It compares the most recent sale price to the previous sale price in order to determine whether the property sold at a gross profit or gross loss.
Real Estate Institute regional director Philip Searle said people selling houses first bought at the 2007 house price peak were experiencing only “negligible” losses.
“Gisborne, along with many other areas of New Zealand, did experience a significant drop after the peak of 2007 and owners who sold after the peak often did take a hit,” he said.
“But one must bear in mind that many people who sold at a loss purchased in the same market, so there was often negligible difference to them.”

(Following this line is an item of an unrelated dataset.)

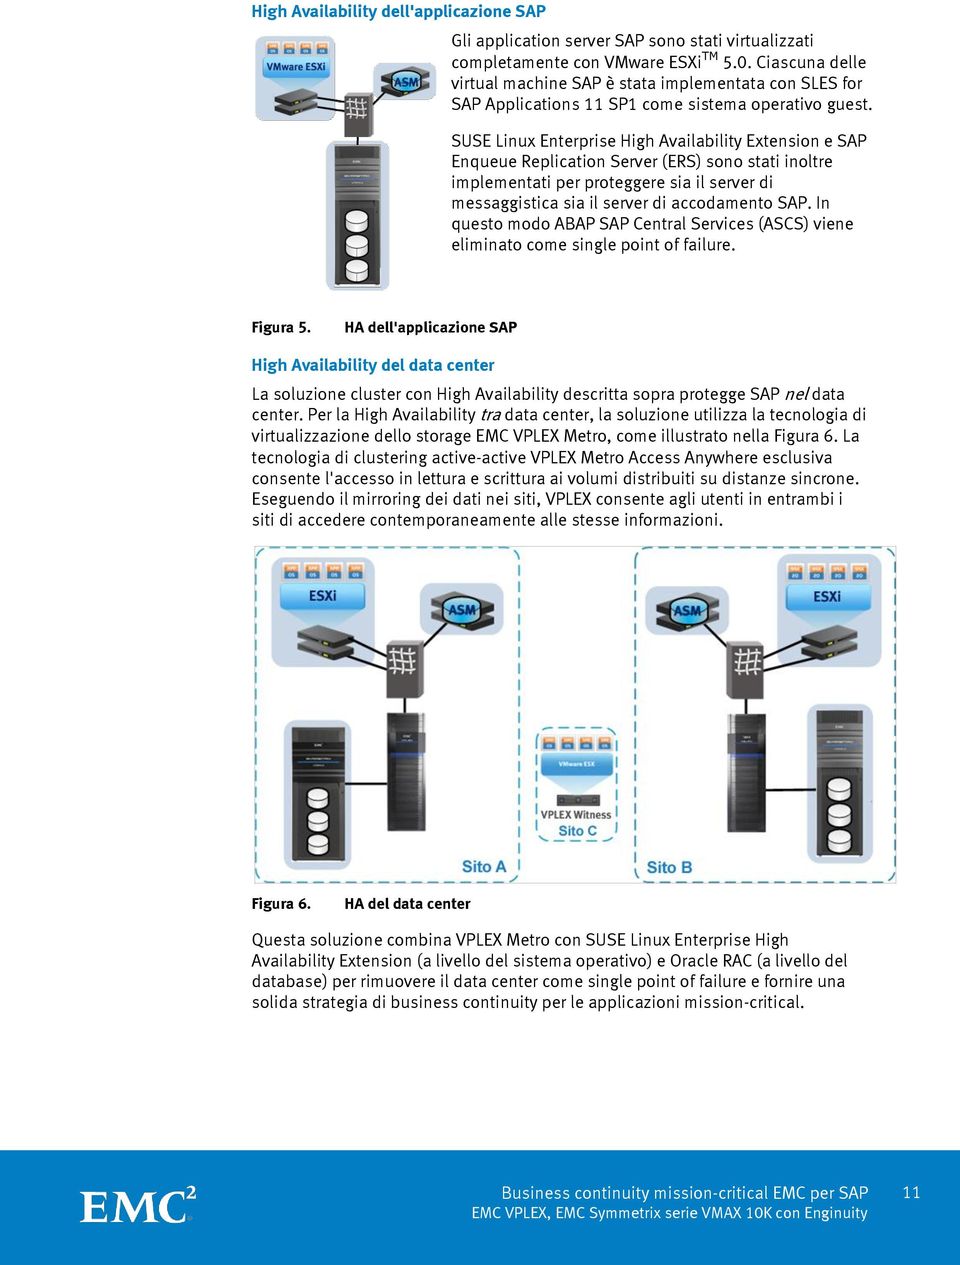 SUSE Linux Enterprise High Availability Extension e SAP Enqueue Replication Server (ERS) sono stati inoltre implementati per proteggere sia il server di messaggistica sia il server di accodamento SAP.

Mr Searle pointed out that up-to-date statistics from REINZ showed the market here had turned around in the last few months.
“Overall, we are back to 2007 levels in many cases. February this year showed a median sale price of $320,000 and while the medians have come back, they will continue to move around.
“Depending on the time of year and what value properties sell in a given month, the trend has been a steady improvement in values.
“The Gisborne market continues to be solid and as we have come out of winter we will see an improvement in the number of properties sold and, I expect, the median sale price.”
Mr Searle could not forecast if prices could better those of 2007 in the coming year but said he did not expect the overall market to go backwards.
“There seem to be quite a number of people moving to town, demand for good rental properties is still high and that generally will cause the median to lift,” he said.
“Gisborne does tend to ebb and flow a bit on a month-to-month basis but currently the trend is upwards, and I can’t see this reversing.”